Abstract

Soil organic carbon (SOC) retention is a function of climate, vegetation, drainage, and management interactions, but also of intrinsic soil properties such as texture, mineralogy, and structure. To assess these edaphic controls, three soils of the Brazilian savanna (Cerrado) under similar climate, vegetation, and slope but of contrasting texture were sampled to 1‐m depth and characterized for textural, chemical, and mineralogical properties, and SOC concentration (in bulk samples and clay, silt, and sand fractions). The basic assumption was that SOC particle size determines its retention mechanism: colloidal forms are retained by sorption, while particulate organic matter (>20 μm) can occur outside or inside aggregates.

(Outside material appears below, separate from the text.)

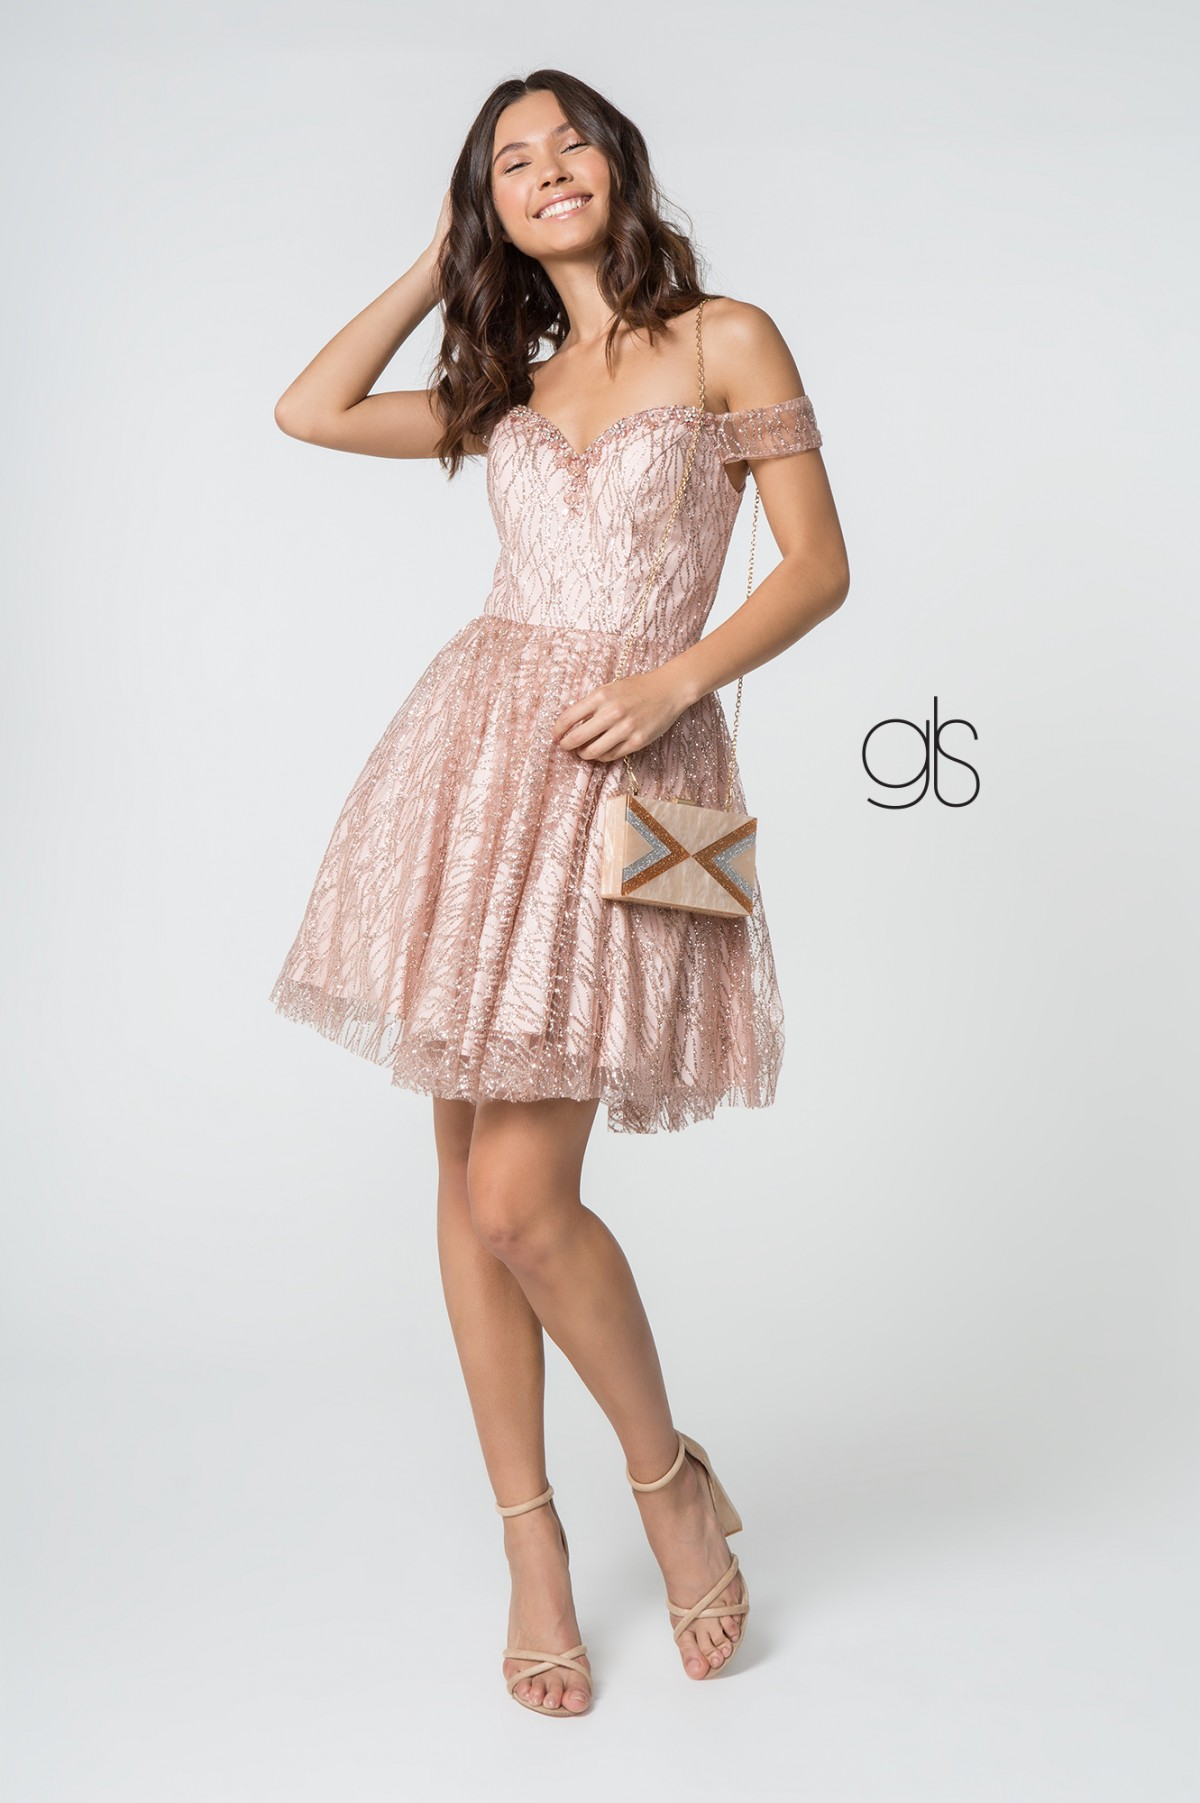 Beads Accented Sweetheart Neck Glitter Mesh Short Dress in Rose Gold

It was hypothesized that SOC retention is controlled simultaneously by soil texture, mineralogy, and depth. The three soils are clayey, loamy, and sandy Haplustox, all kaolinitic with minor contents of Fe and Al oxides, vermiculite, and illite. The SOC concentrations in particle size fractions were inversely related to the content of the respective fraction in soil (SOC dilution effect), thus SOC partition is better assessed by determination of SOC pools in each particle size on a total soil mass basis rather than on a size‐fraction concentration basis. The positive linear relations between SOC and clay + silt concentrations in bulk soil were explained mostly by greater clay‐sized SOC pools, which could be modeled as a function of clay content (related to specific surface area) and depth. Quantitative clay mineralogy showed that bulk SOC and clay‐sized SOC pools were well correlated with Fe oxides in topsoil and amorphous Al oxides in subsoil, but this mineralogical control is secondary to the textural control, since it depends on clay content.